▸ PROBLEM TO SOLVE
Transcribe the listing underneath, keeping each word exact and omitting the images.

▸ DATA PROVIDED
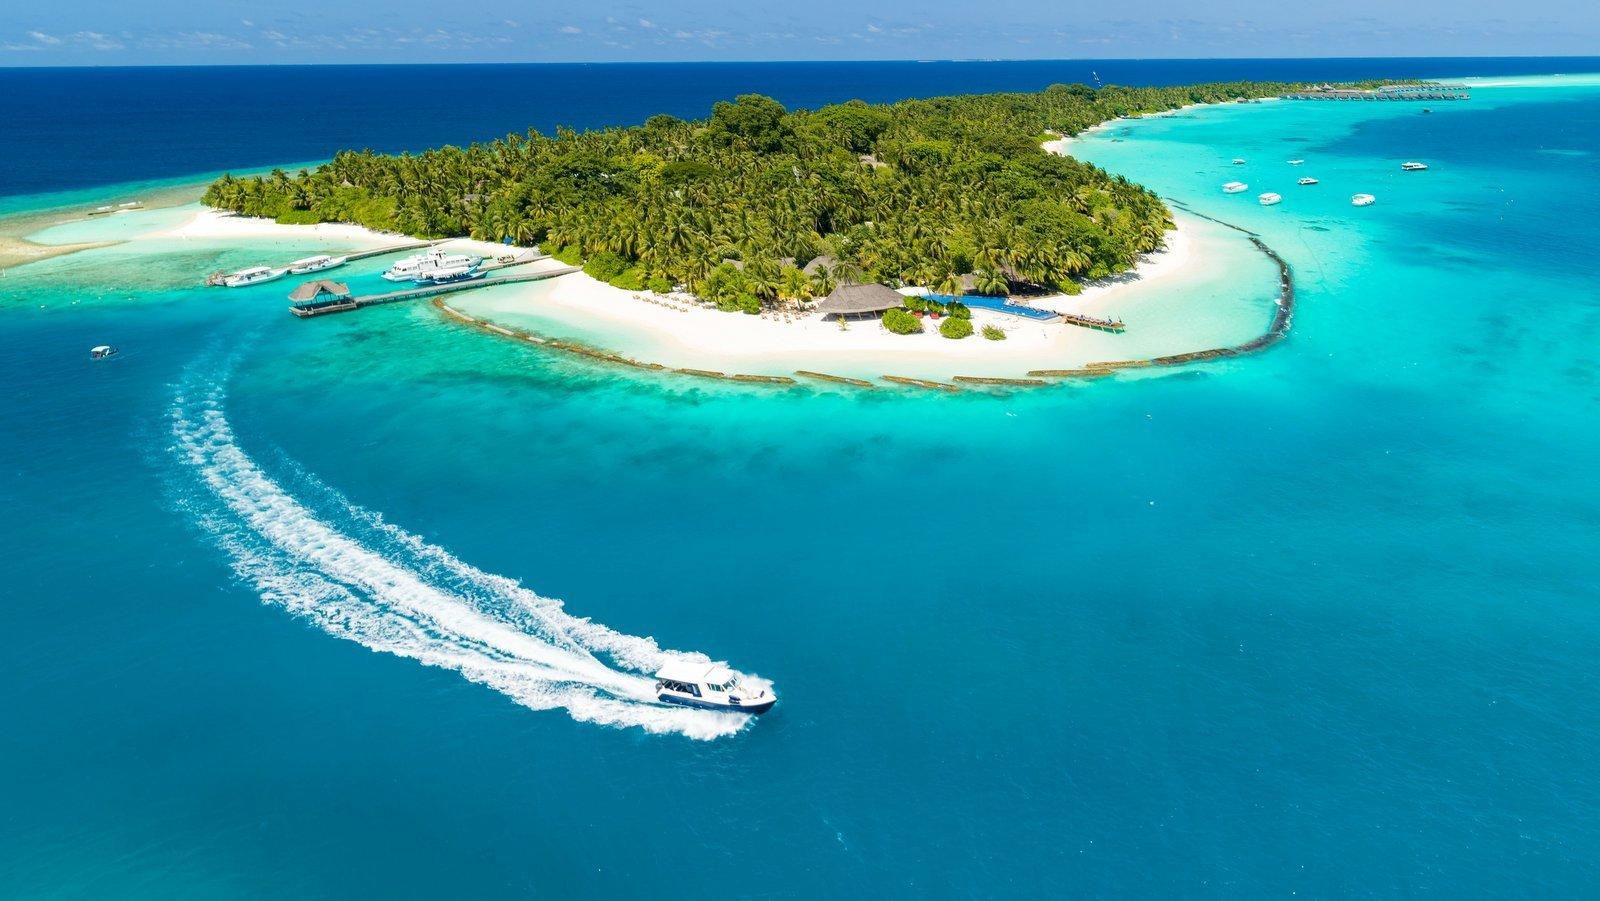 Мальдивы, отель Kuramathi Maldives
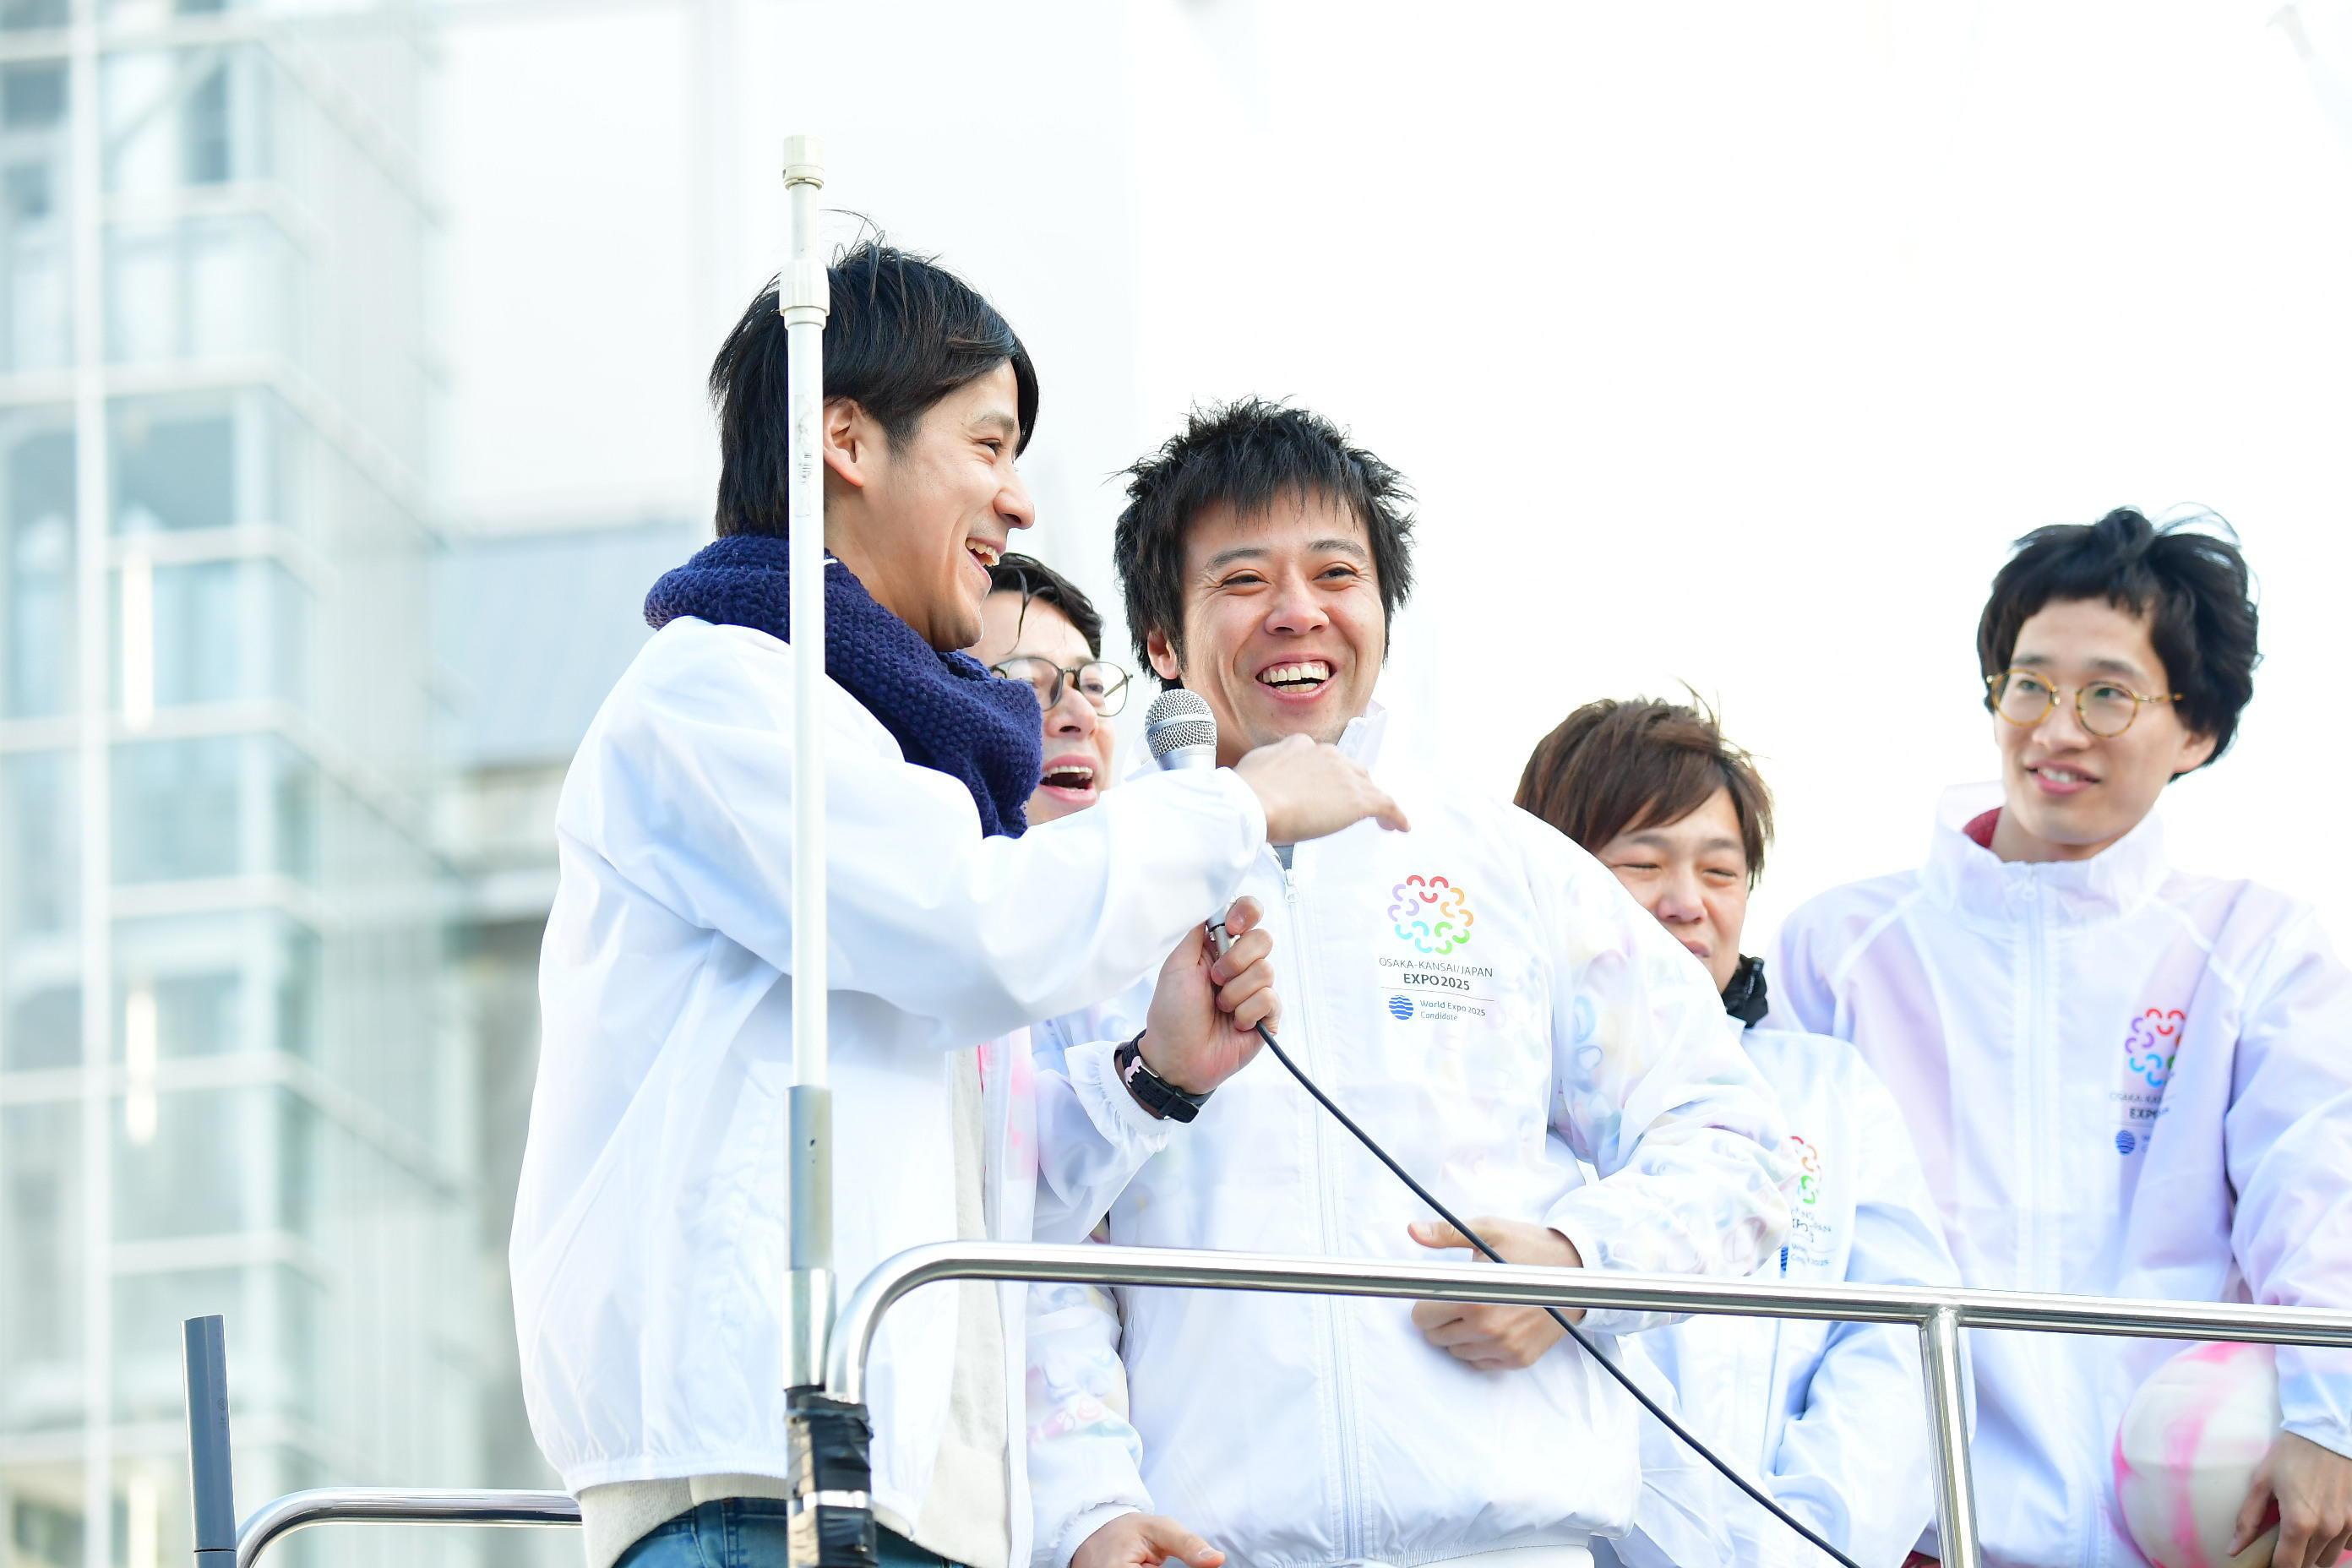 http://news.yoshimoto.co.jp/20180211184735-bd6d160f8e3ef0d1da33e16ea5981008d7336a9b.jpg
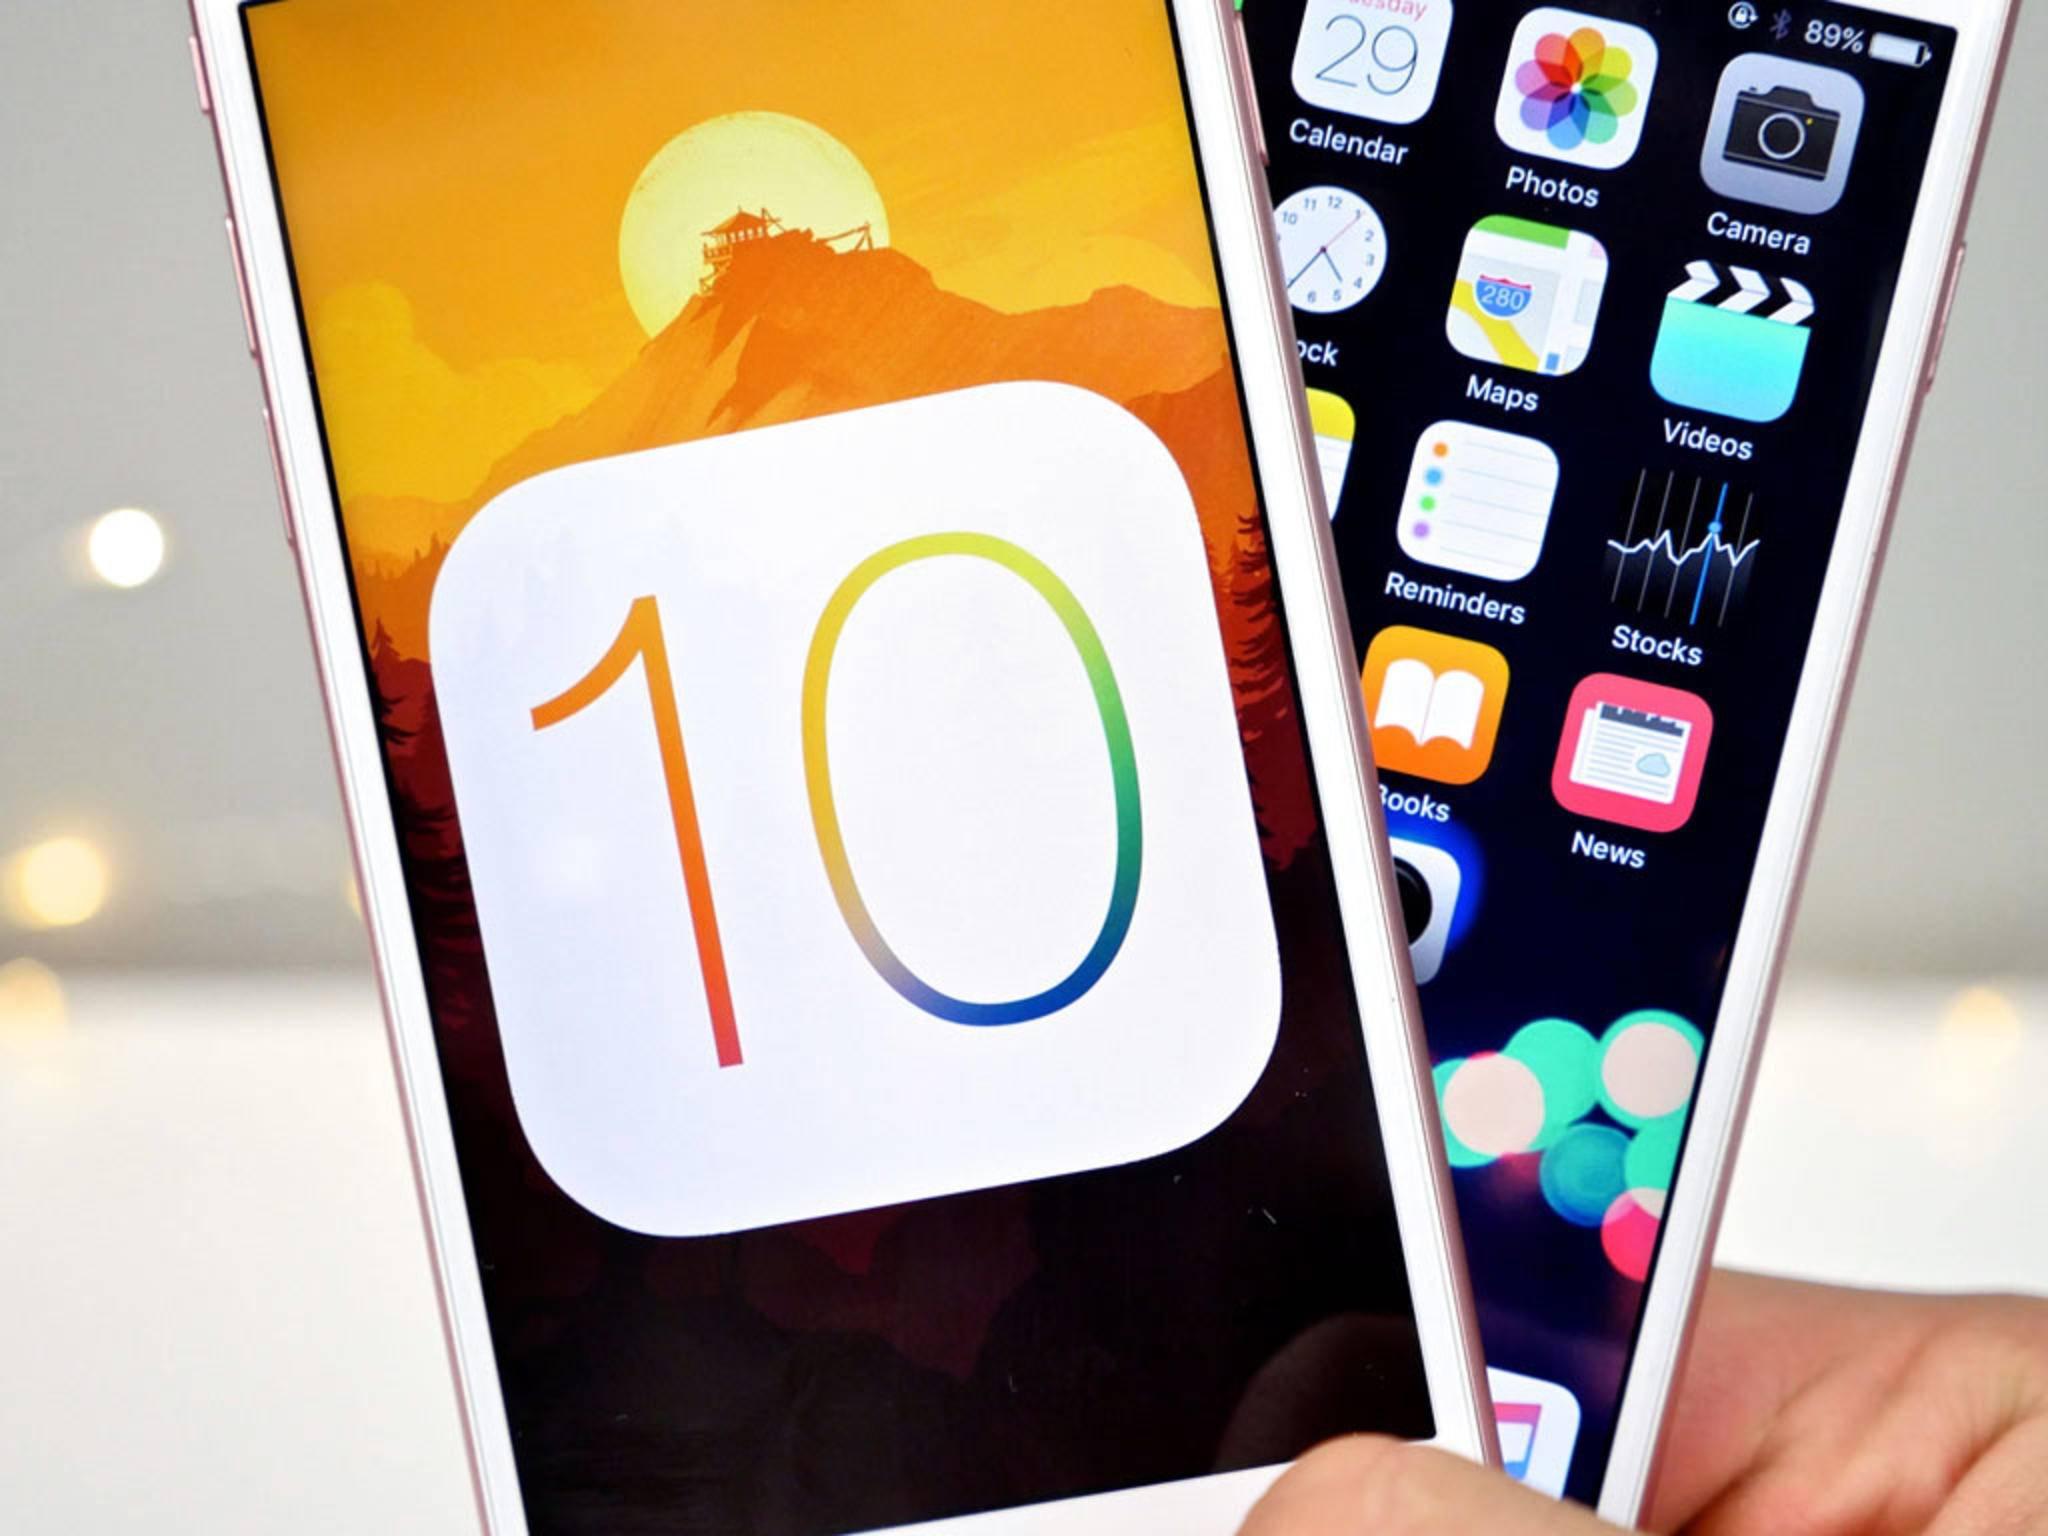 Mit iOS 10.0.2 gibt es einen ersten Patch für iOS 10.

▸ RESULT BELOW
 Мальдивы, отель Kuramathi Maldives
 http://news.yoshimoto.co.jp/20180211184735-bd6d160f8e3ef0d1da33e16ea5981008d7336a9b.jpg
 Mit iOS 10.0.2 gibt es einen ersten Patch für iOS 10.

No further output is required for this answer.